Lembro-me de há uns doze anos atrás ter ensaiado – na época um passo em falso, ainda não tinha chegado o momento certo – um olhar sobre o passado colonial que parecia então tão improvável quanto impopular. Na altura, os estudos sobre a Guerra Colonial apenas começavam a gatinhar e, para quem se interessava pelo assunto, a única paisagem humana aceitável era composta pelos militares da tropa, pelos guerrilheiros que se lhes opunham e pelas populações africanas que enchiam a única paisagem visível. Os outros, bem, os outros tinham andado por ali, é verdade, mas era como se não tivessem andado: as centenas de milhares de portugueses de diferentes gerações que tinha povoado os territórios de Angola e de Moçambique nos anos de guerra deviam permanecer invisíveis, dentro do cordão sanitário da memória que protegia o bom povo do seu cheiro pestilento.
Eram ainda os «retornados», gente apátrida, culpada de ter existido, de sobreviver, e de, por isso, carregar consigo a memória de um passado que deveria ser apagado. E, no entanto, sem essas centenas de milhares de homens, de mulheres, de crianças – brancos, sobretudo brancos, mas também mulatos, cabritos, uns quantos negros assimilados – a realidade da última vaga da colonização, da guerra sangrenta, das independências paridas com dor, da inquietante experiência pós-colonial tal qual ela se define hoje, jamais teria existido. Fosse qual fosse o juízo de valor que pudesse ser feito em relação à colaboração de uma grande parte dessas pessoas na manutenção do jugo colonial – e eu fi-lo também, e bem negativo –, elas existiam, e tinha atravessado experiências de vida que não poderiam ser apagadas. A História de Portugal, de Angola, de Moçambique, de São Tomé, das outras antigas colónias, jamais poderá ser feita, percebemo-lo agora, sem se dar vida – retirando à maior parte desses seres humanos os qualificativos simplistas de algozes ou de cúmplices – a toda essa outra vida que ficou para trás mas que nos preenche.

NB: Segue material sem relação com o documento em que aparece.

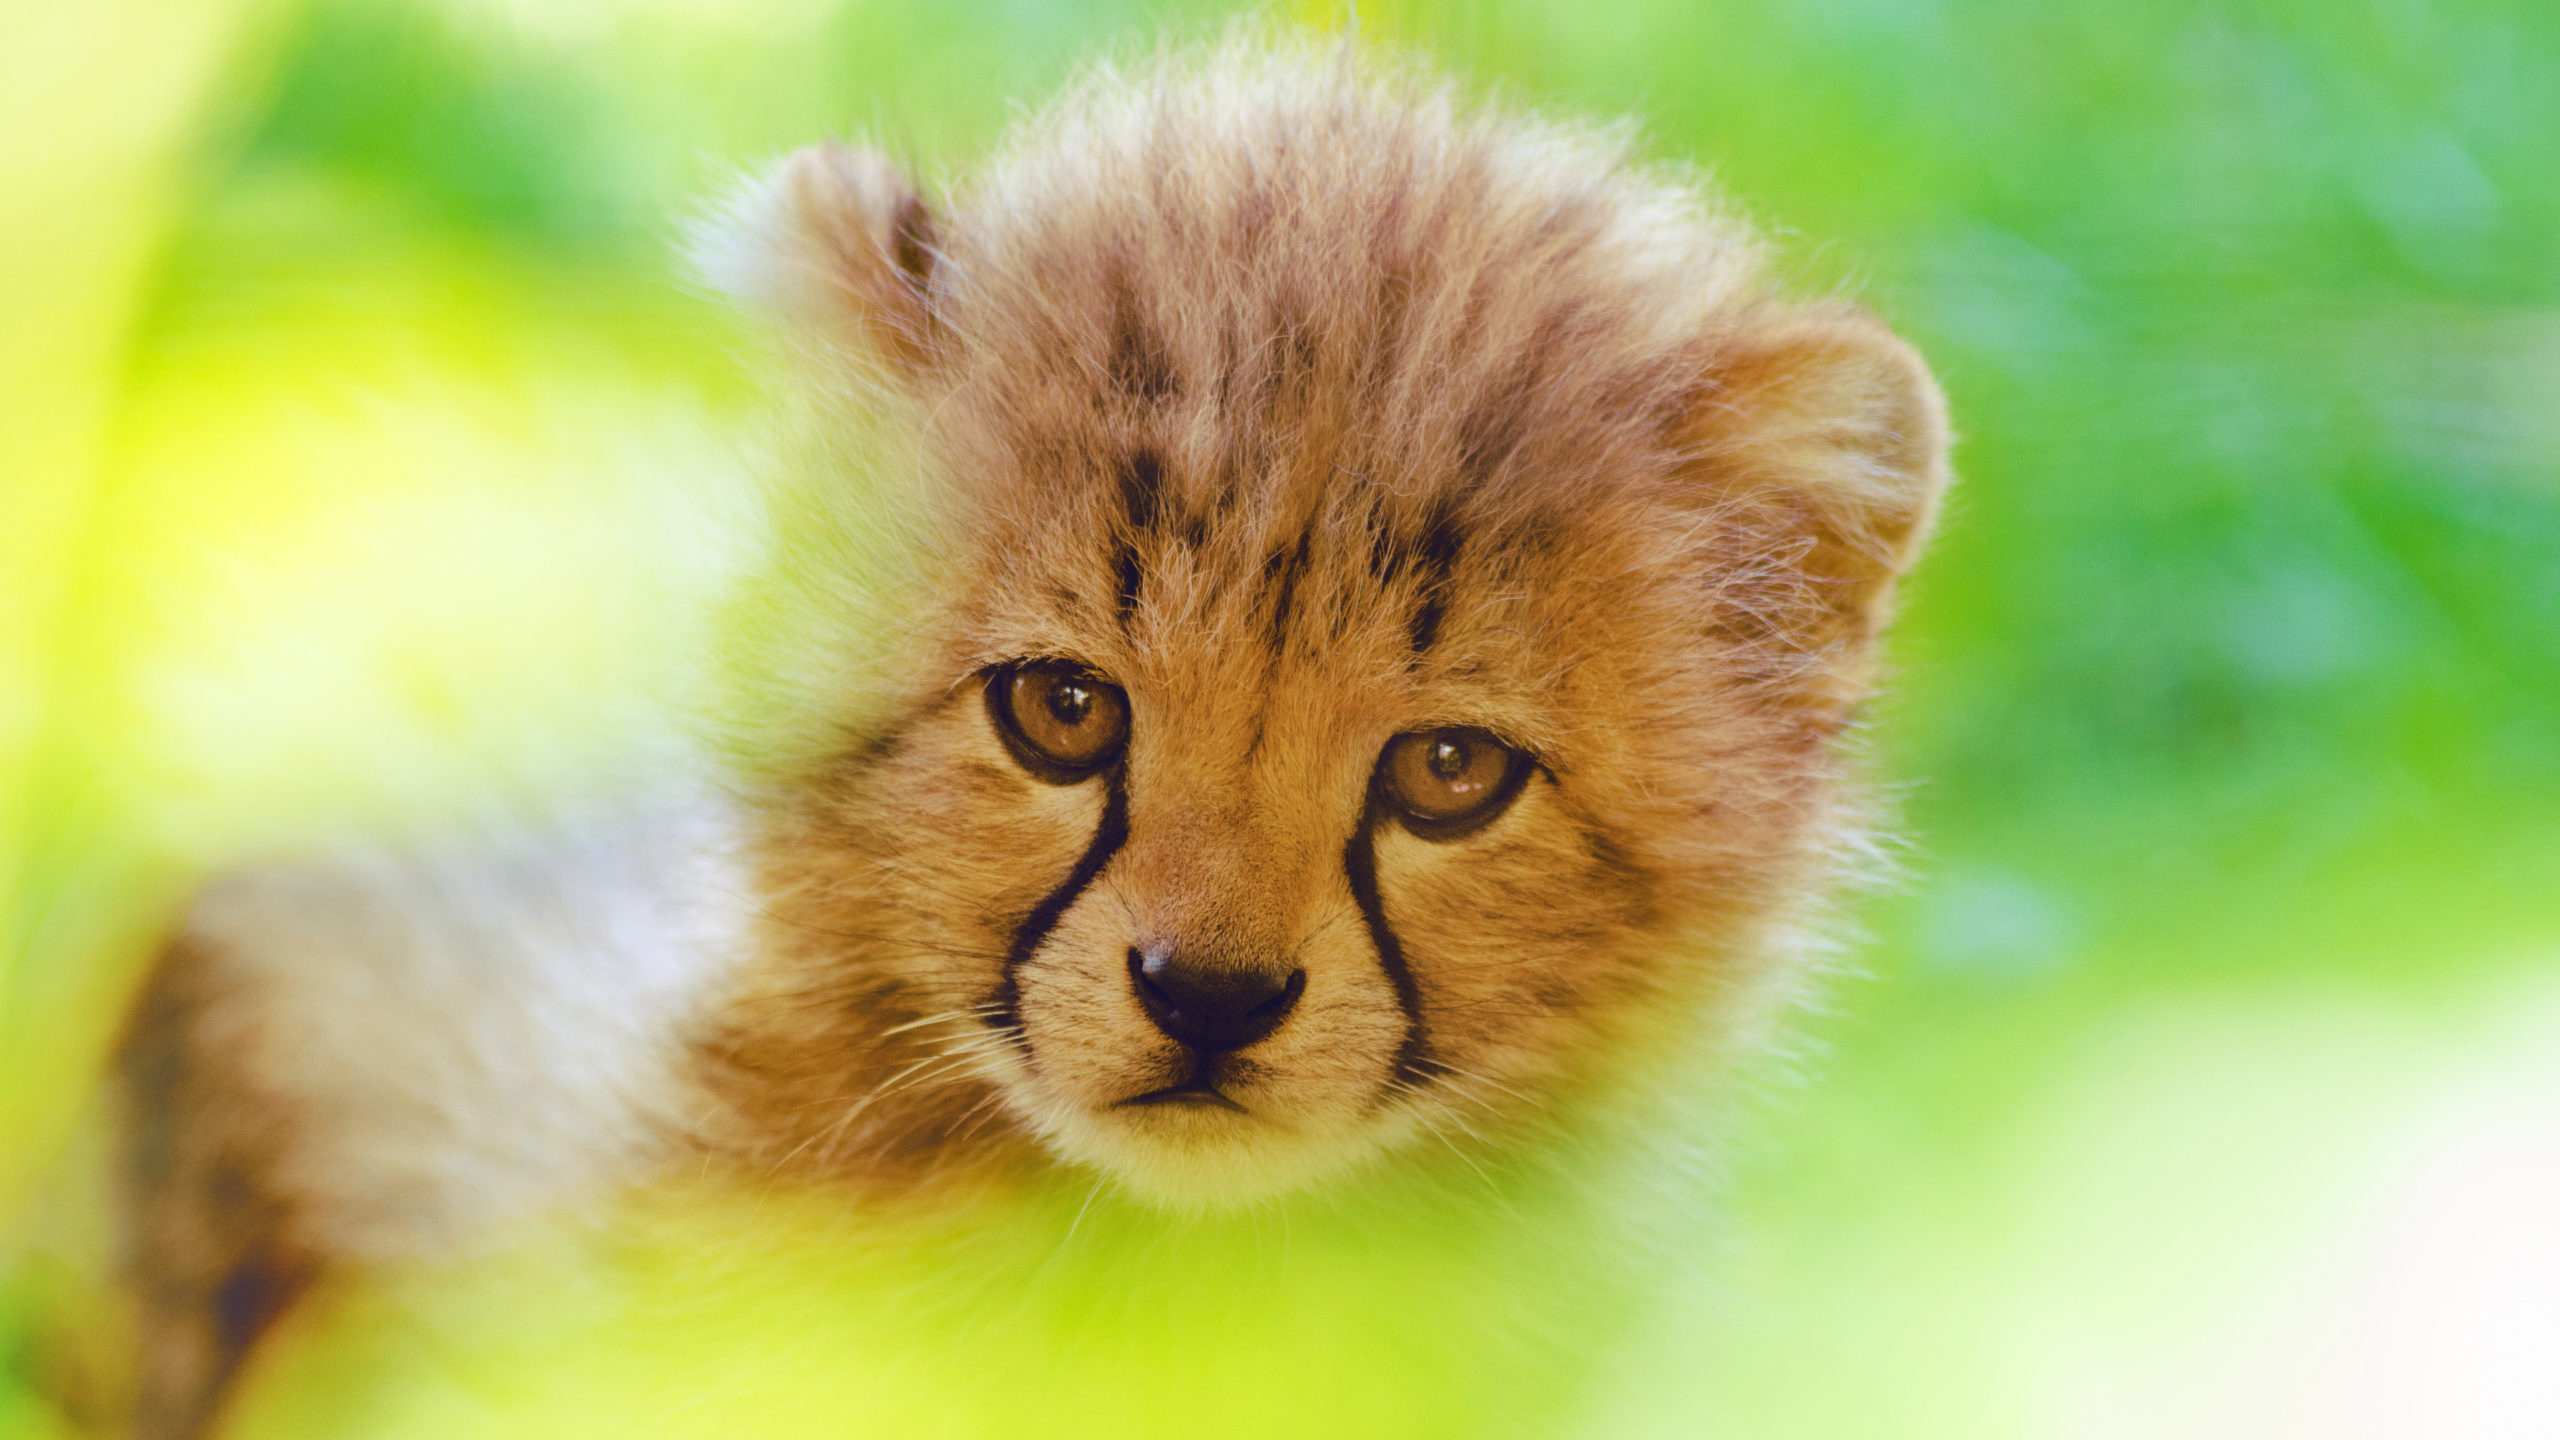 Cheetah cubs, Adorable faces, Playful innocence, Captivating stripes, 2560x1440 HD Desktop
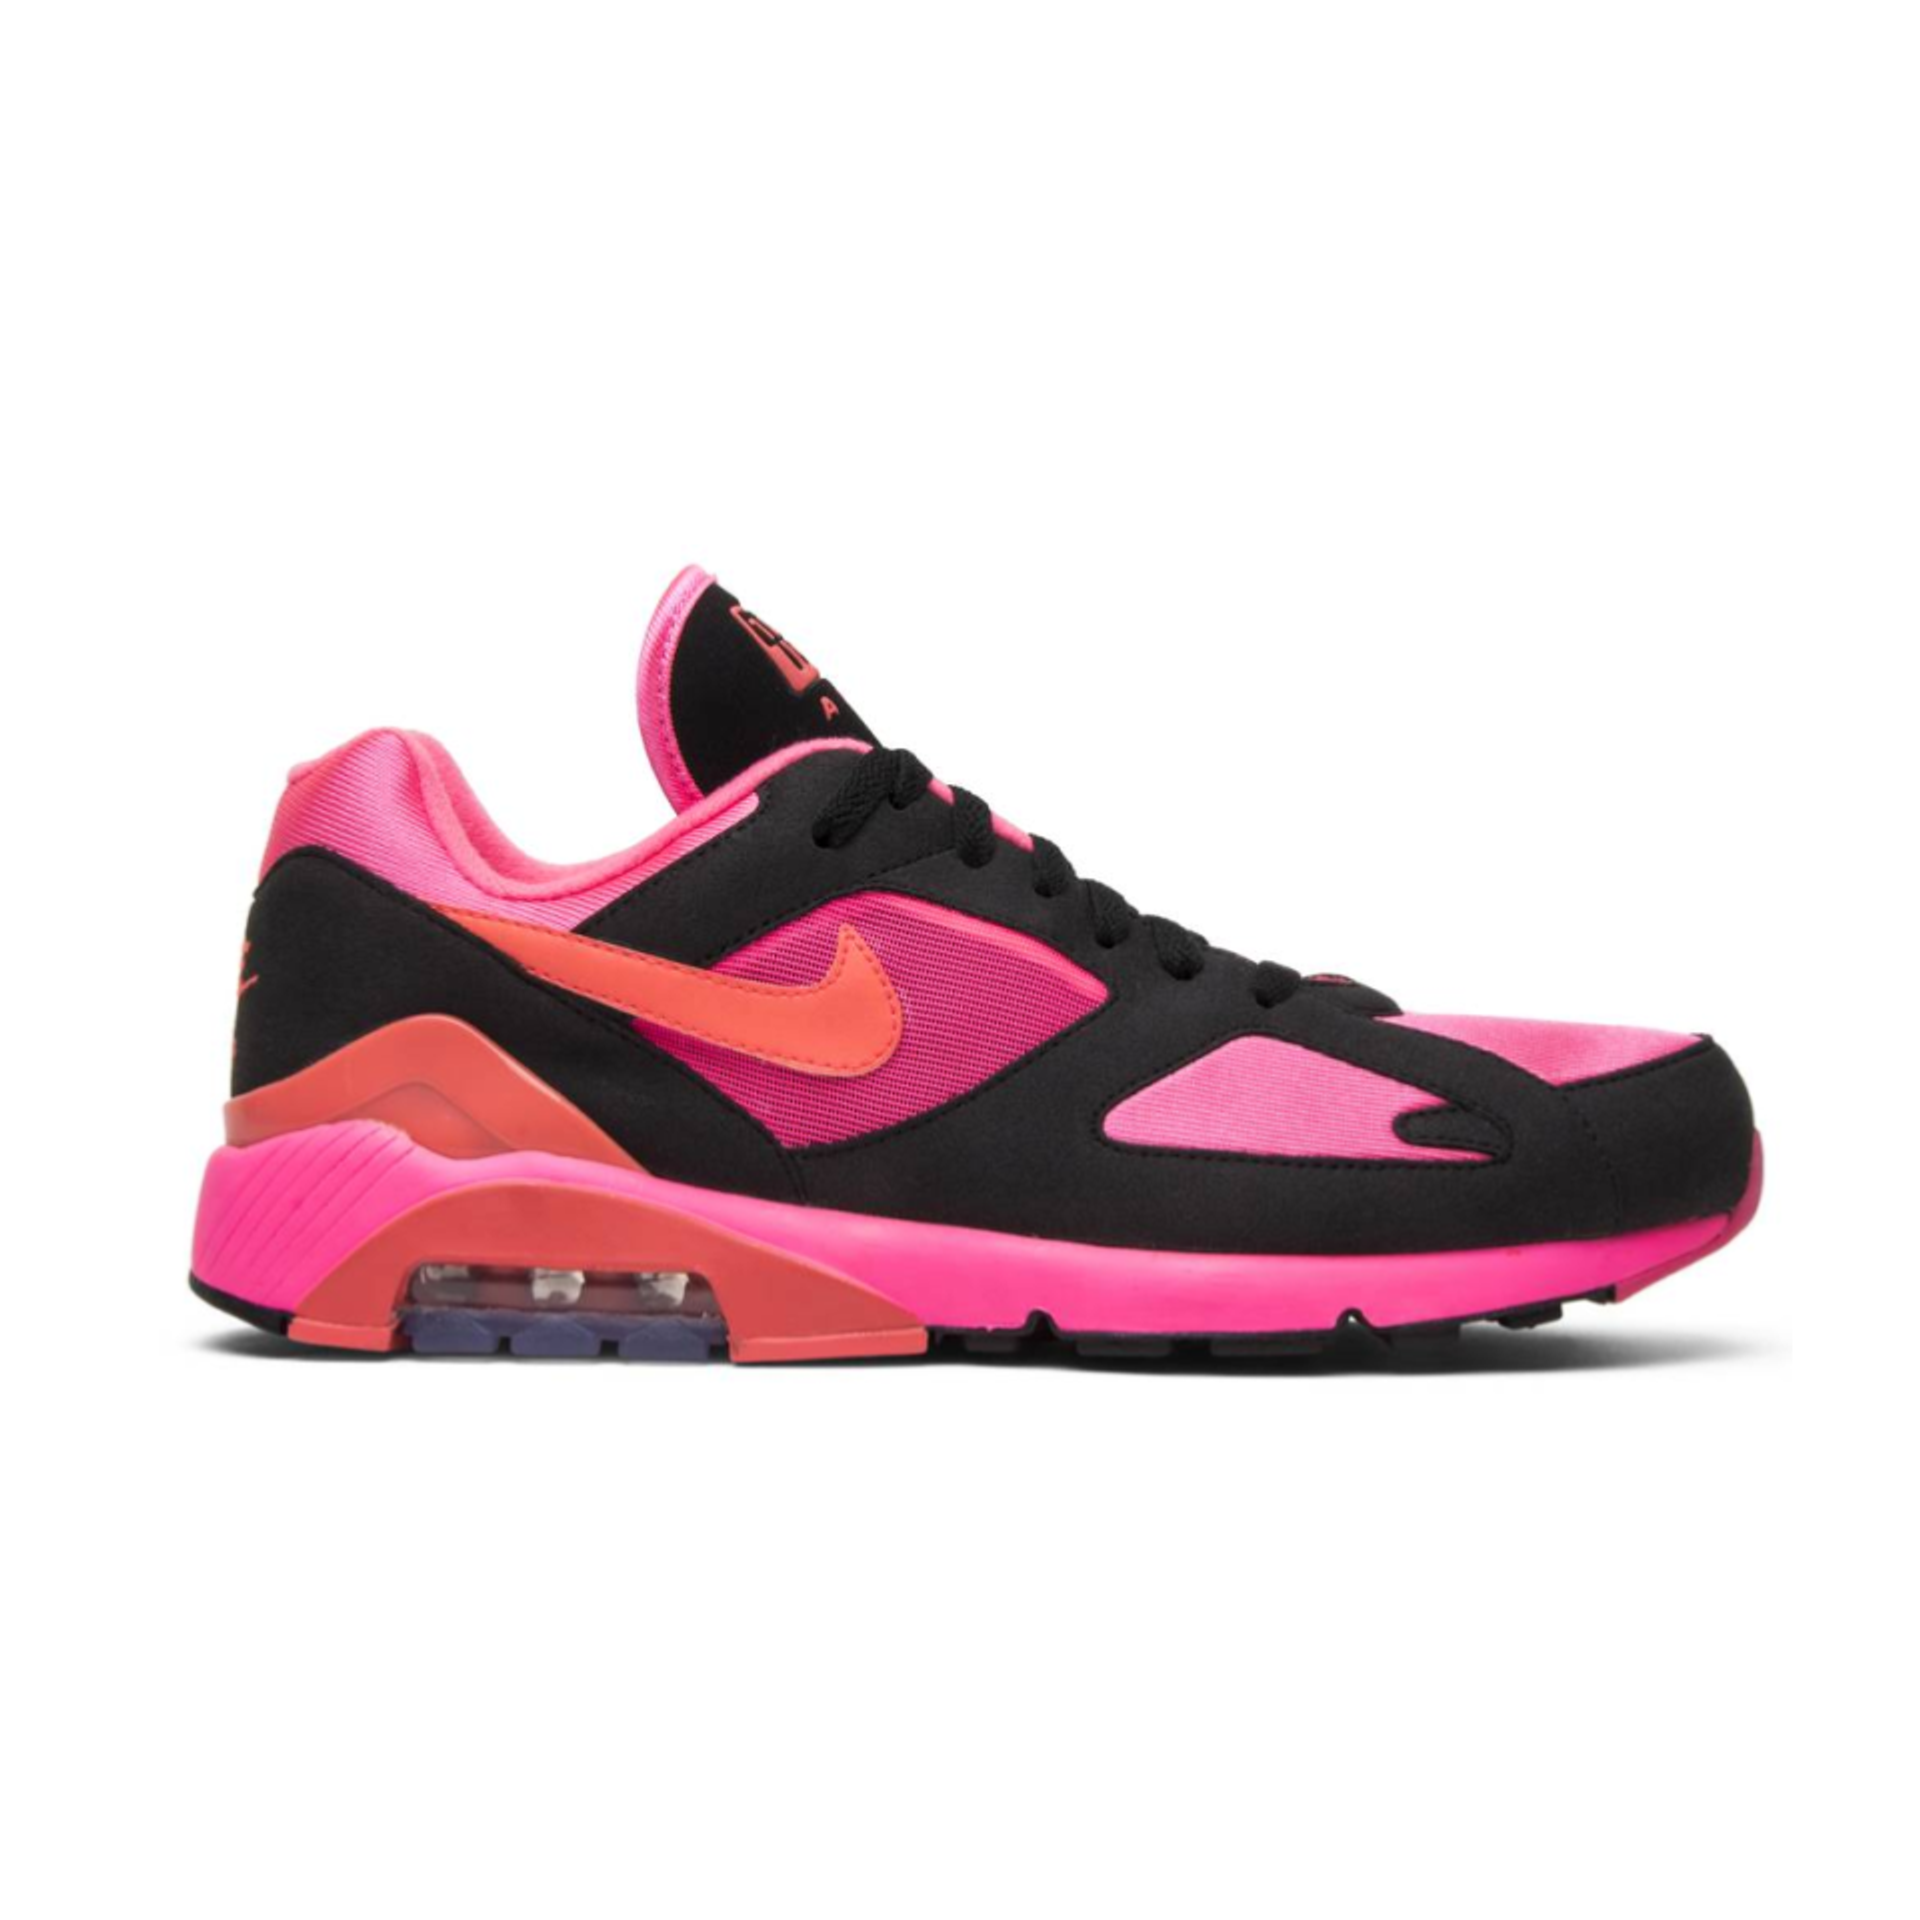 Nike Comme des Garcons x Air Max 180 'Black Pink'

Por isso, para que tudo isso possa ser reconhecido, e possam sair dos escombros pedaços de existência injustamente esquecidos, são indispensáveis livros recém-editados como o Caderno de Memórias Coloniais, de Isabela Figueiredo (na Angelus Novus), e Moderno Tropical, de Ana Magalhães e Inês Gonçalves (da Tinta-da-China). O primeiro é um magnífico, e ainda raro, exemplo de uma literatura autobiográfica saída do universo caseiro dos torna-viagem regressados do lado sul do Equador. Aqueles que respiram todos os dias connosco mas deixaram parte constitutiva das suas vidas num tempo que se perdeu mas se pressente ou se adivinha: «Ao domingo à tarde a rádio passava Nelson Ned cantando Domingo à Tarde. Ao domingo à tarde íamos ao cinema.» O segundo reintroduz-nos nessa arquitectura colonial de última geração, agora semivazia, decrépita e visivelmente abandonada, erguida em Angola e Moçambique entre 1948 e 1975, que nos leva de volta a uma certa «beleza nostálgica das cidades da África lusófona». Das cidades do asfalto, naturalmente, pois são estas que aqui preenchem a paisagem humana. Dois livros que vomitam vida por todos os lados, e que não deixarão indiferentes quem os percorrer. Padeça-se ou não dessa espécie de vírus, ainda não cientificamente identificado, e muito menos provido de antídoto, conhecido entre nós por bichinho de África.